Repeat the data below in full. Pictures must not be part of the copy.
──────── Available data ────────
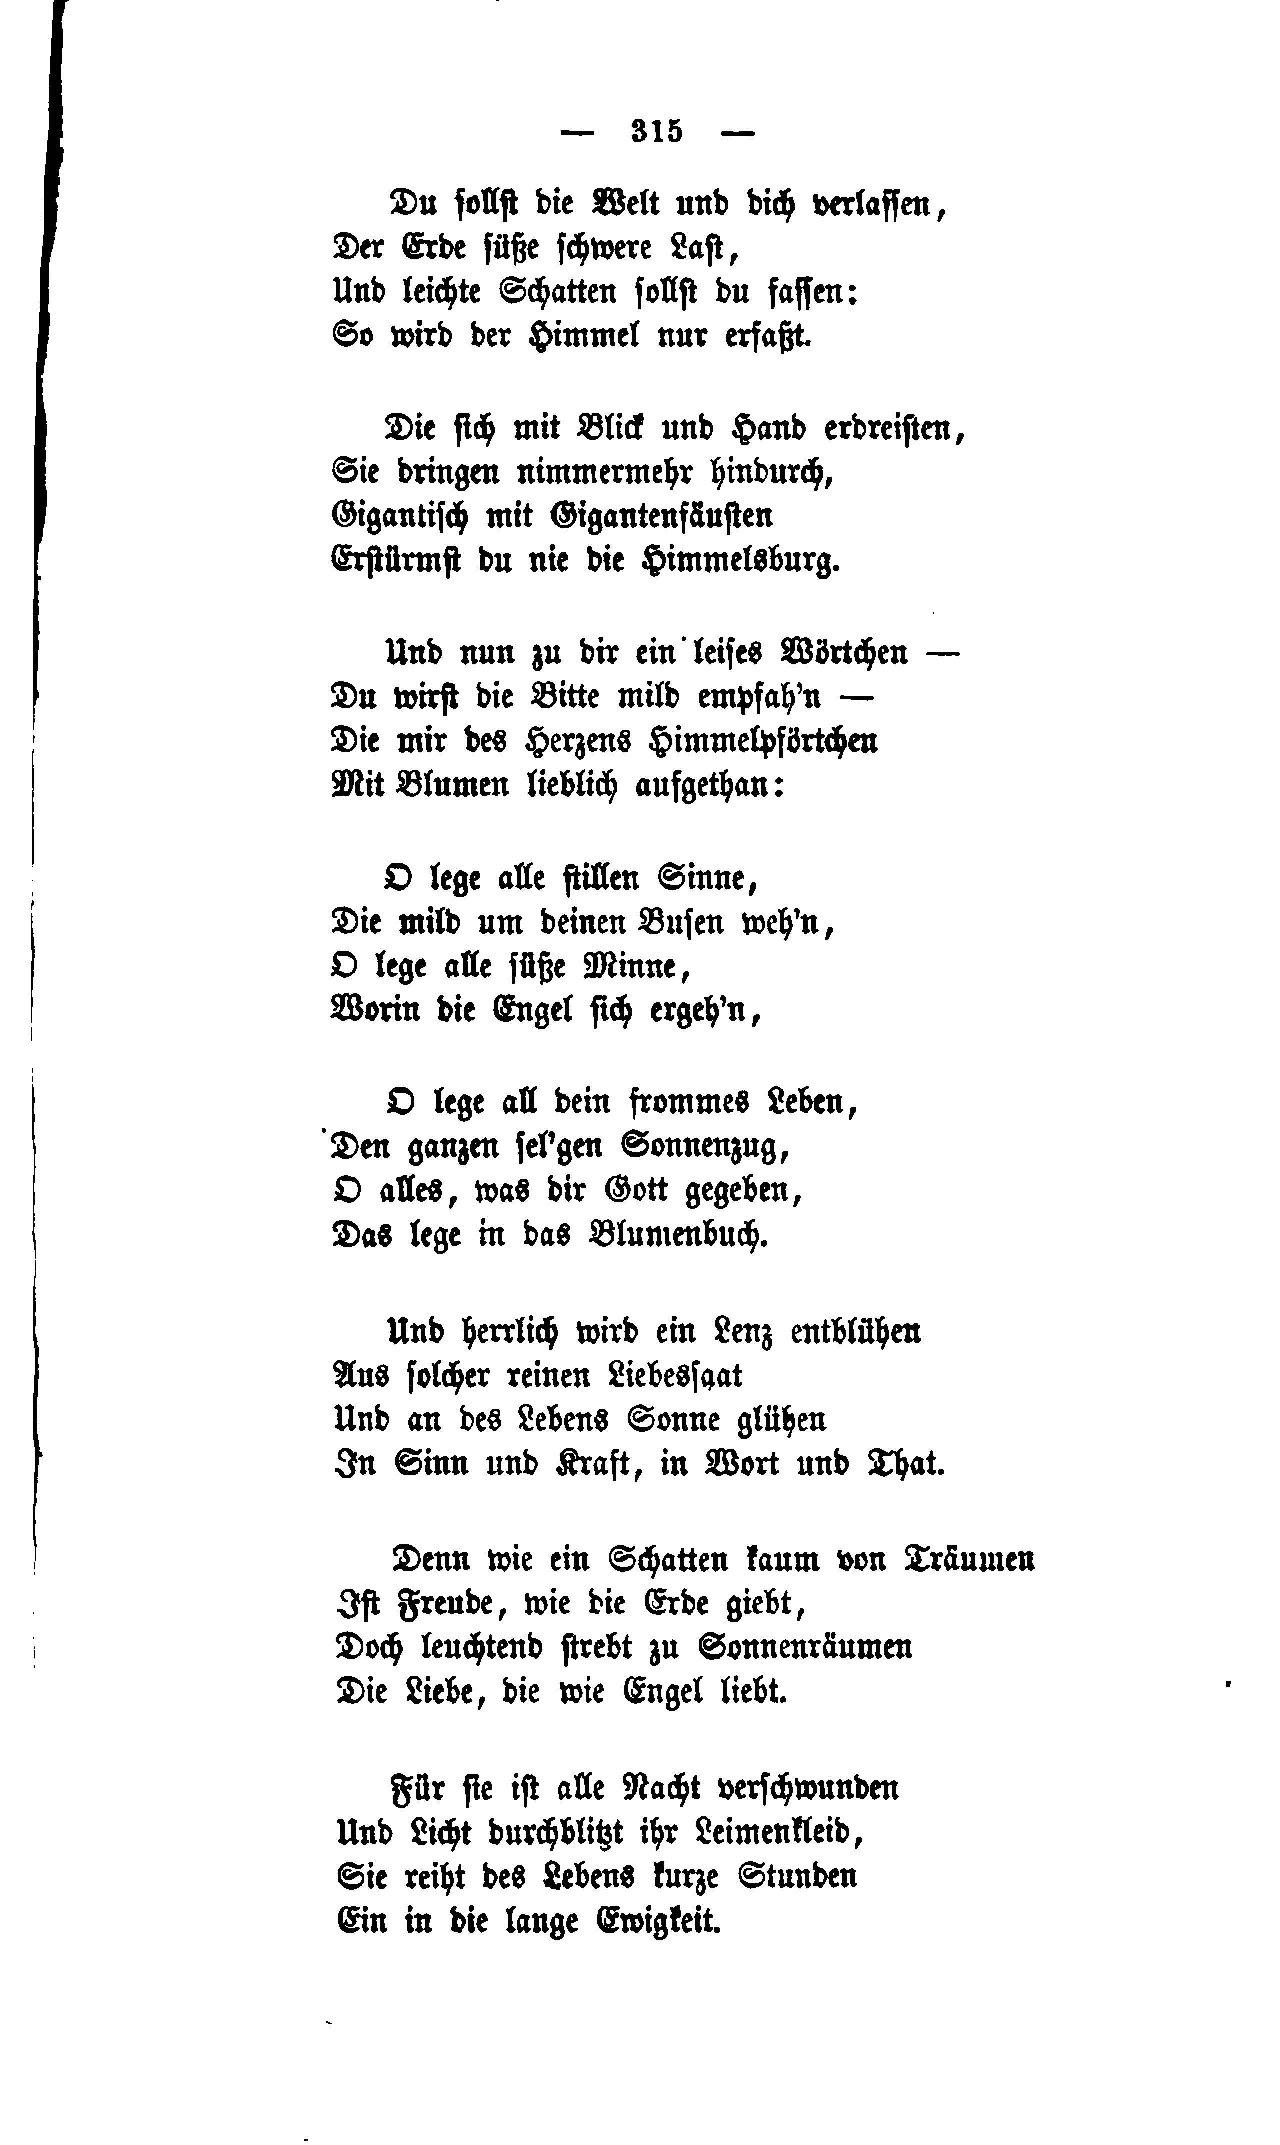 Lange leichte gedichte
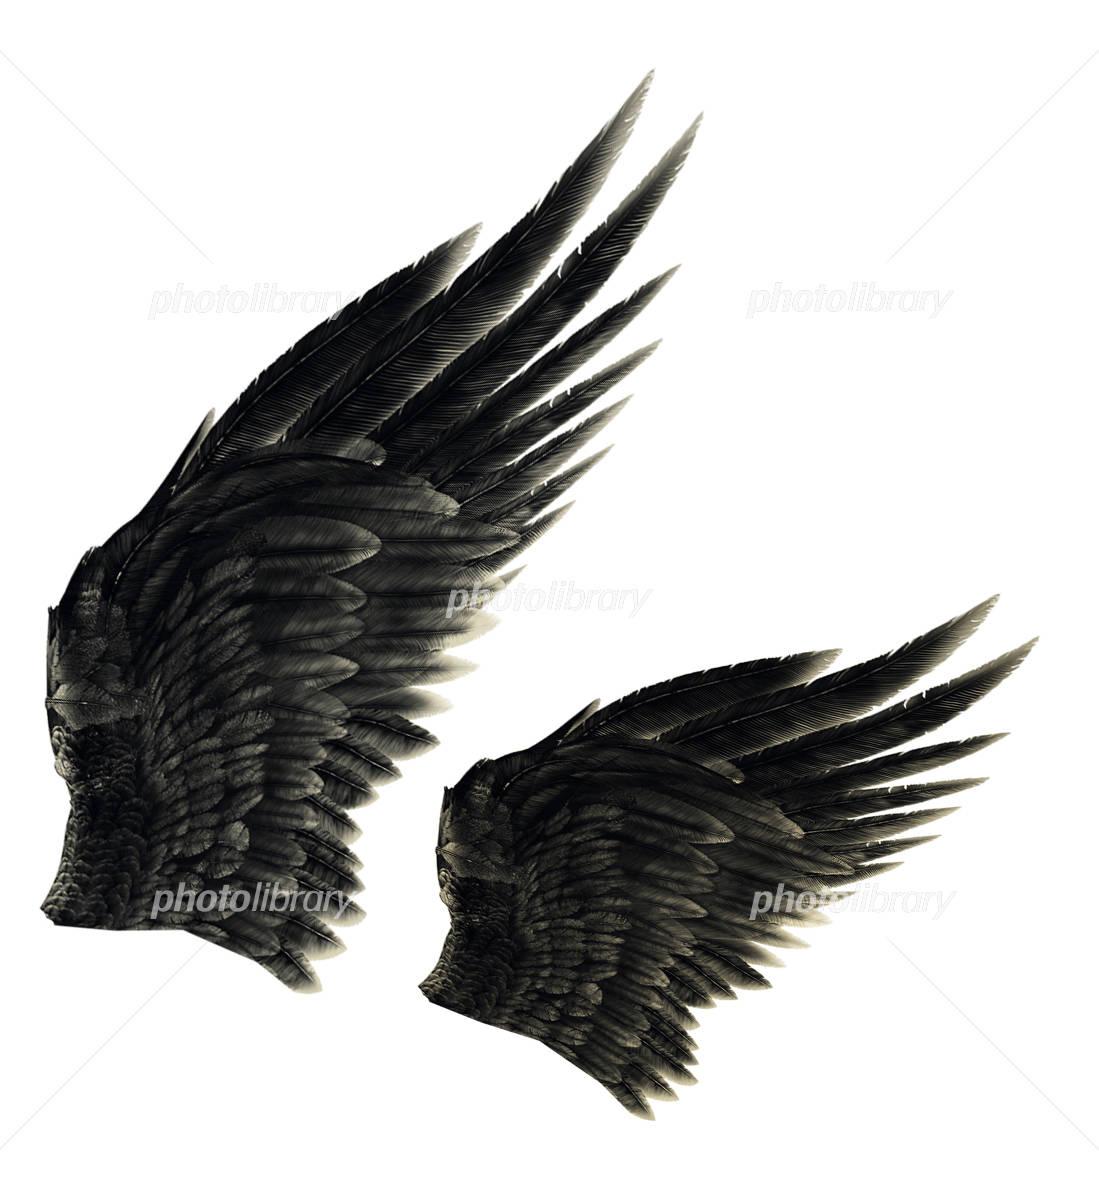 黒い翼 イラスト素材 2589587 フォトライブラリー Photolibrary
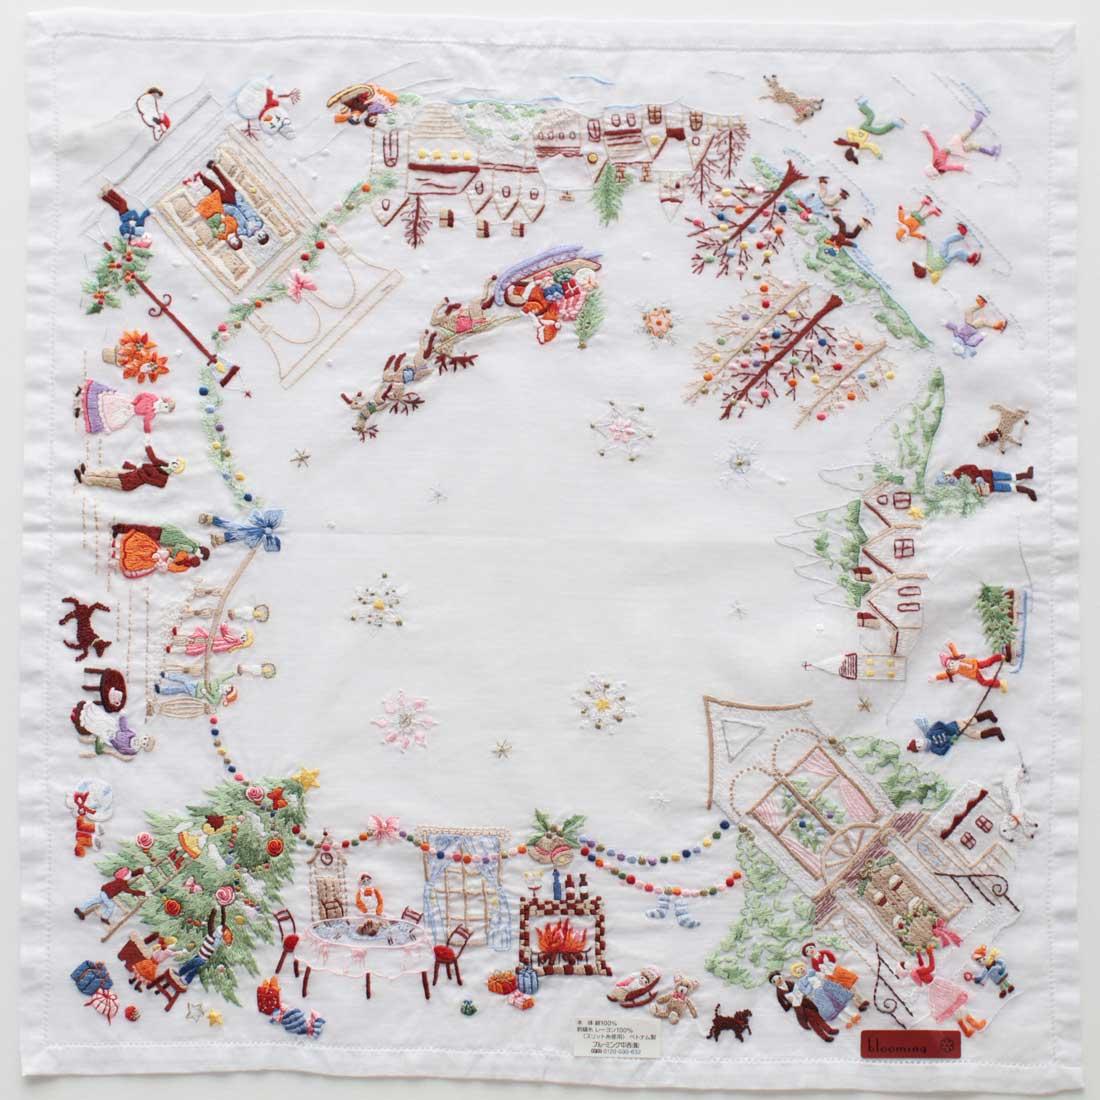 ポワンポワン ベトナム手刺繍 ハンカチ クリスマス 3701 ホワイト レディース 【送料無料】
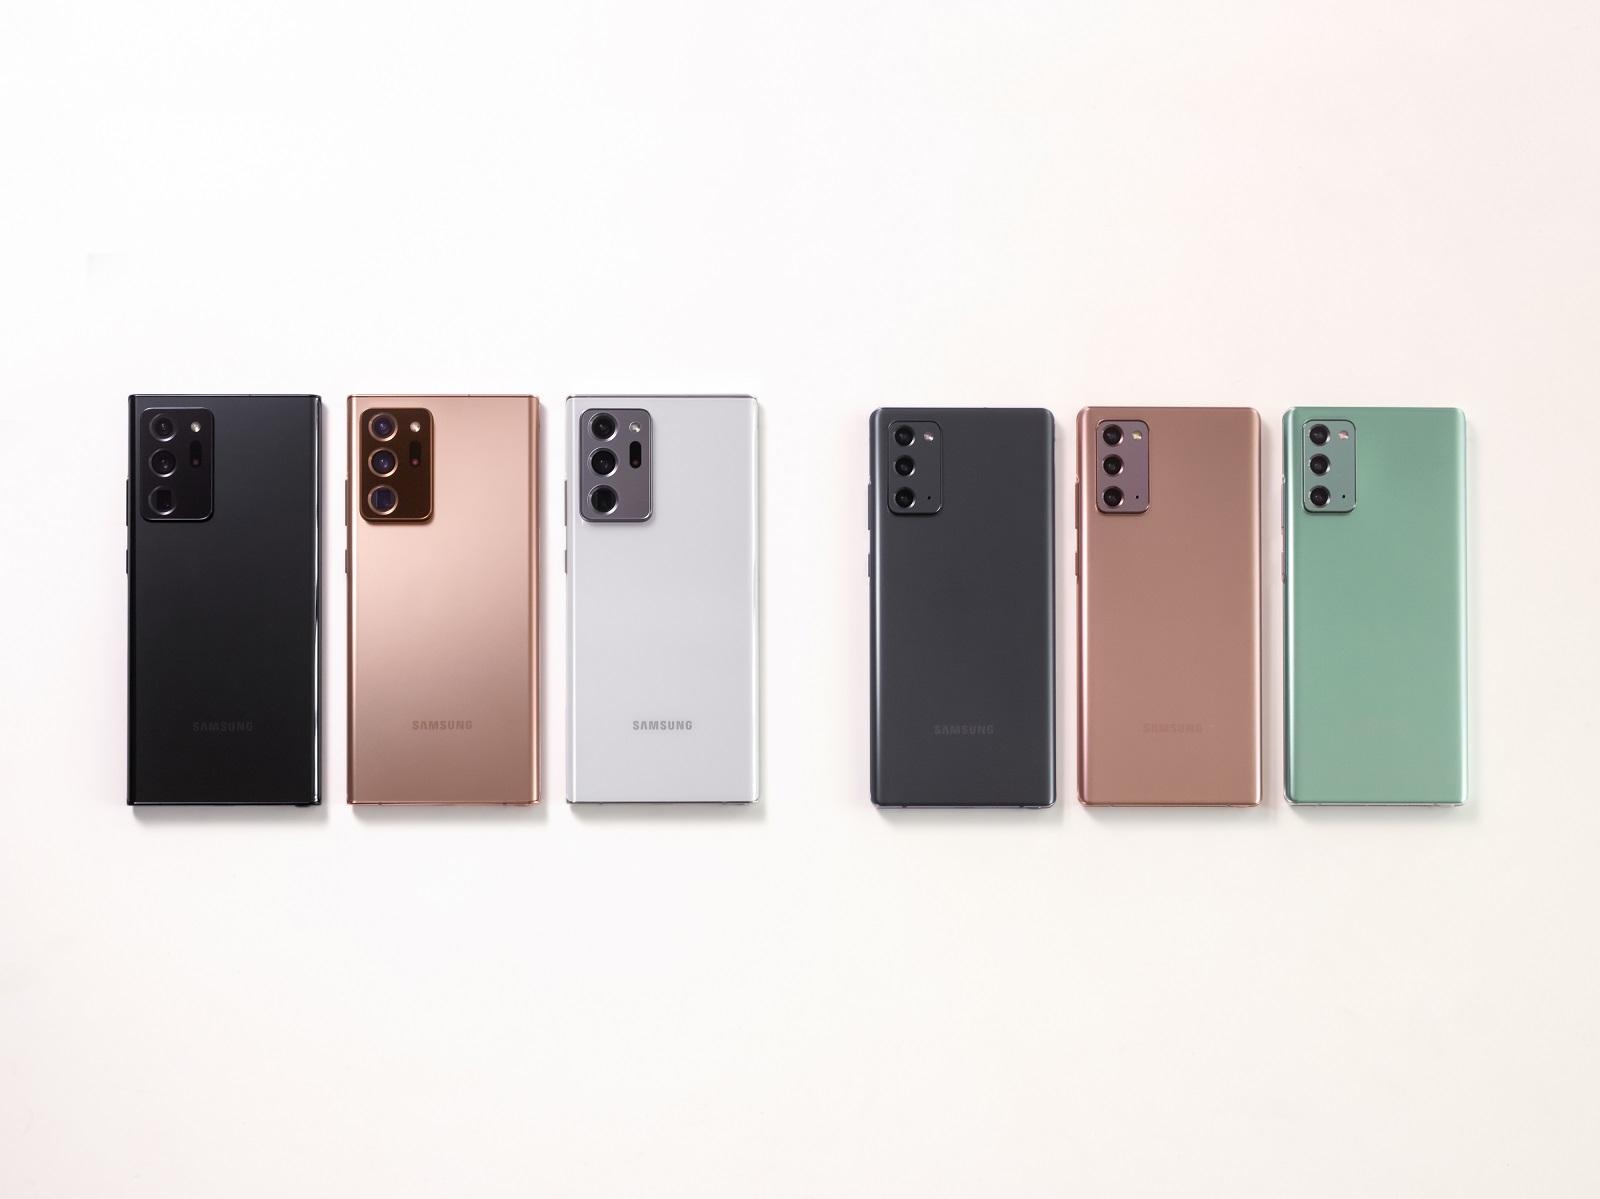 Claro lanza preventa de 24 horas de los nuevos Samsung Galaxy Note20
────────
- **Answer below**:
 Lange leichte gedichte
 黒い翼 イラスト素材 2589587 フォトライブラリー Photolibrary
 ポワンポワン ベトナム手刺繍 ハンカチ クリスマス 3701 ホワイト レディース 【送料無料】
 Claro lanza preventa de 24 horas de los nuevos Samsung Galaxy Note20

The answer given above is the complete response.